Prompt. Reproduce exactly, and only, the lines of the material below running from the line bearing "Samsung Black Friday" through the line bearing "Chillwell AC Portable Air Conditioner Amazon". Leave any pictures out.

Recorded information.
————
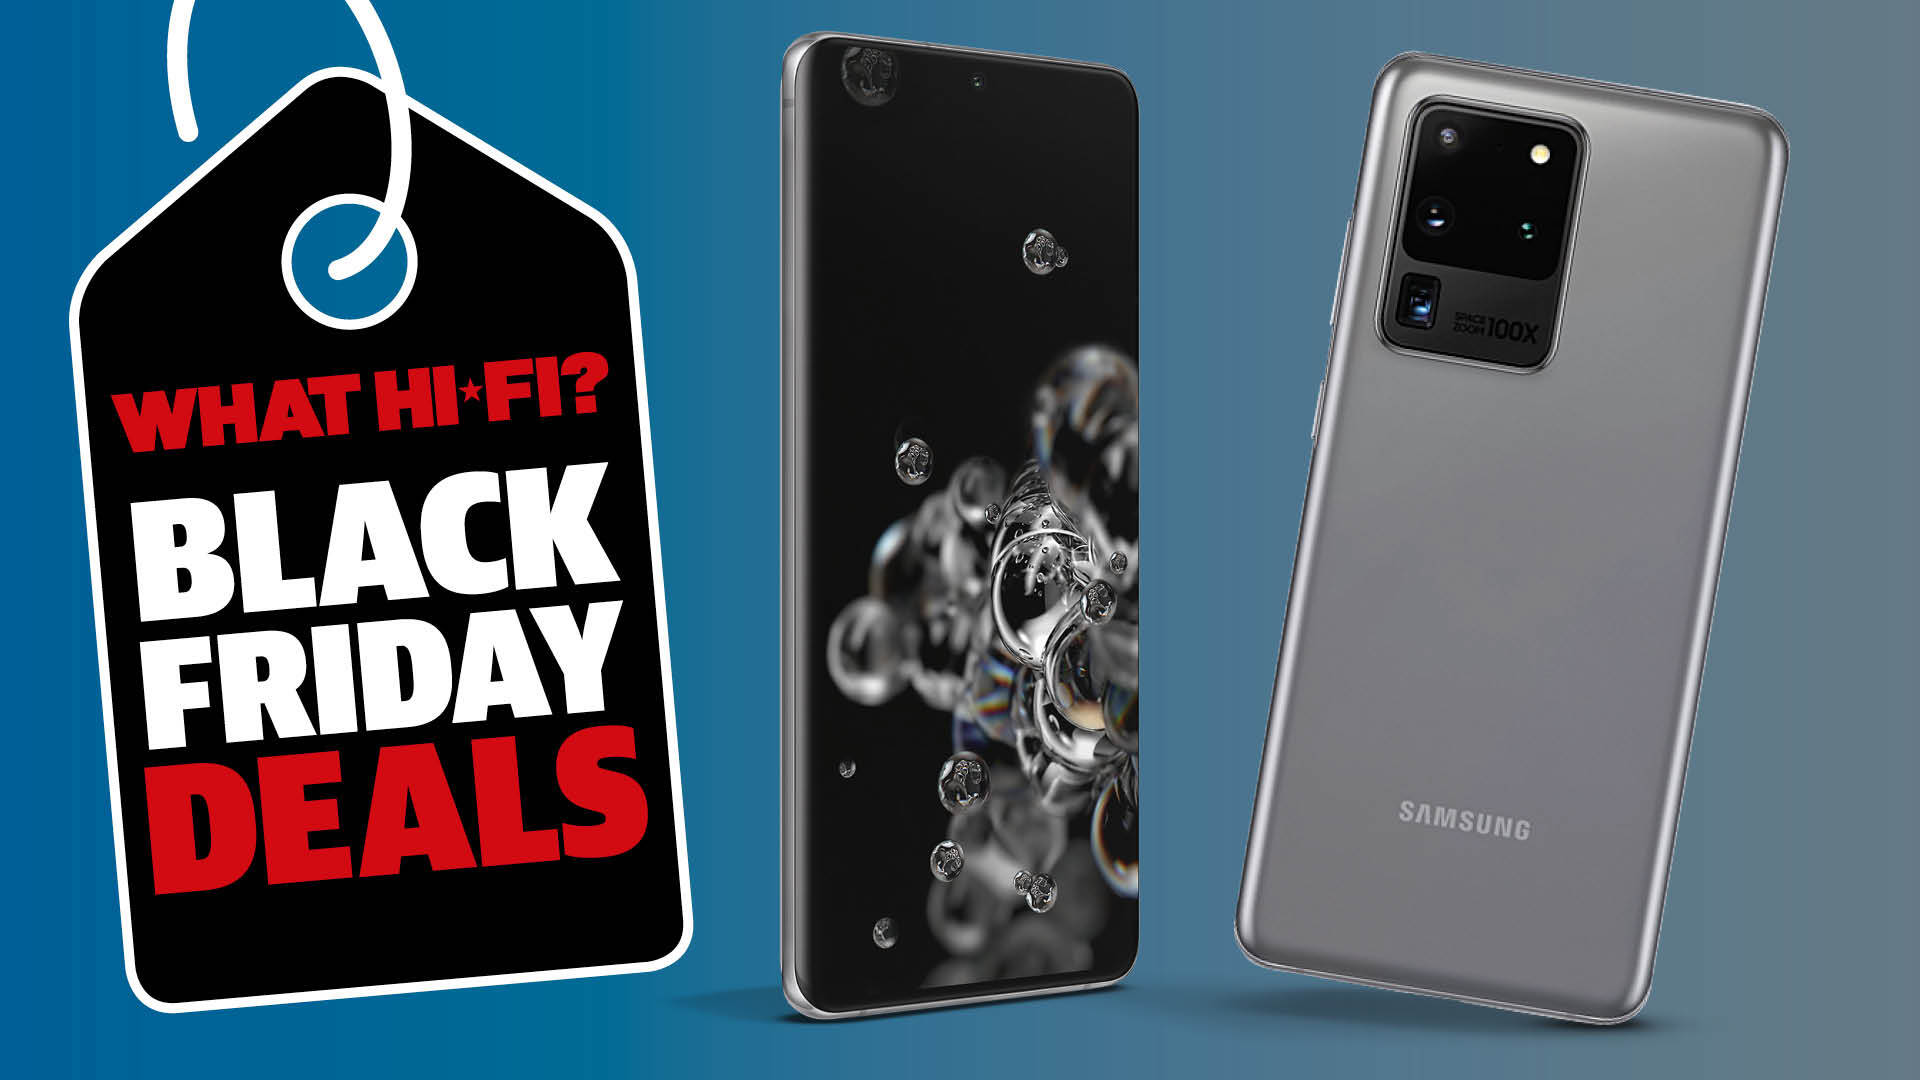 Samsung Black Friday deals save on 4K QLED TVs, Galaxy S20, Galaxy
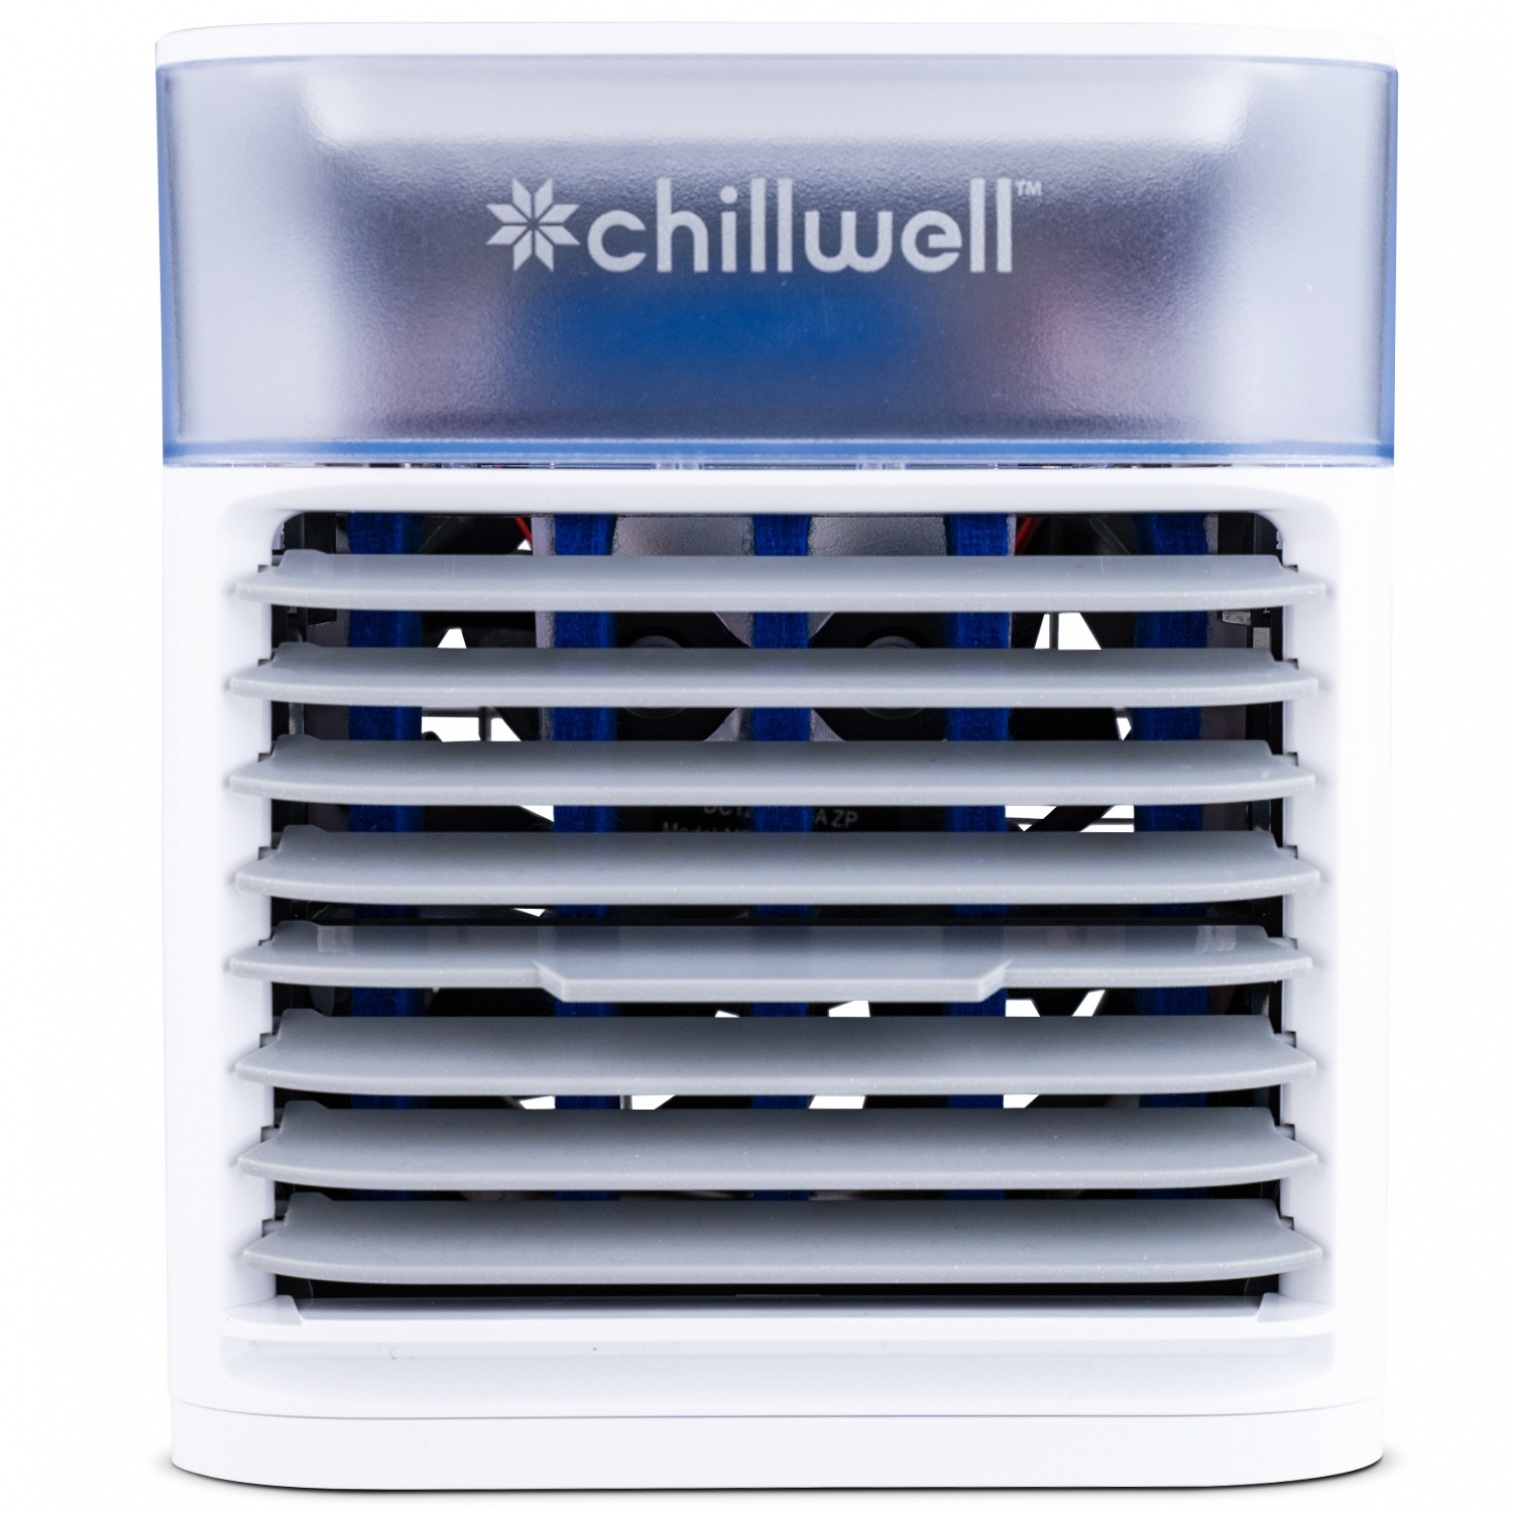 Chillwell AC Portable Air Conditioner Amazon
————
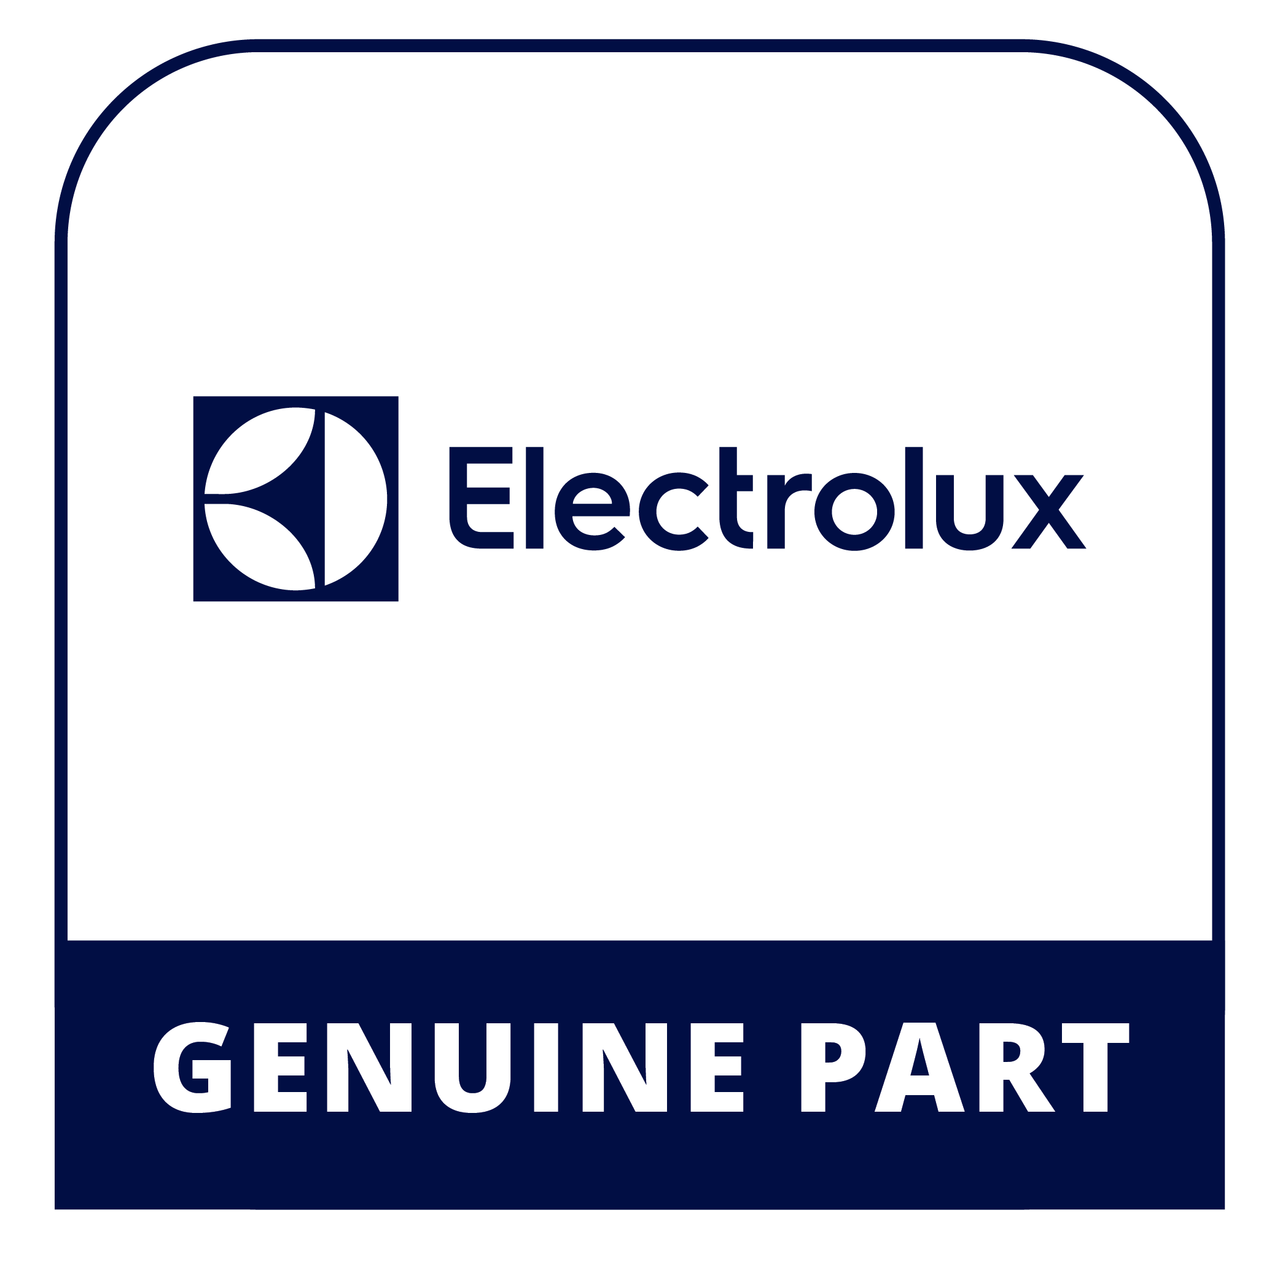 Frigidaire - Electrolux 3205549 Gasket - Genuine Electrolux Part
————
Output for this task.
 Samsung Black Friday deals save on 4K QLED TVs, Galaxy S20, Galaxy
 Chillwell AC Portable Air Conditioner Amazon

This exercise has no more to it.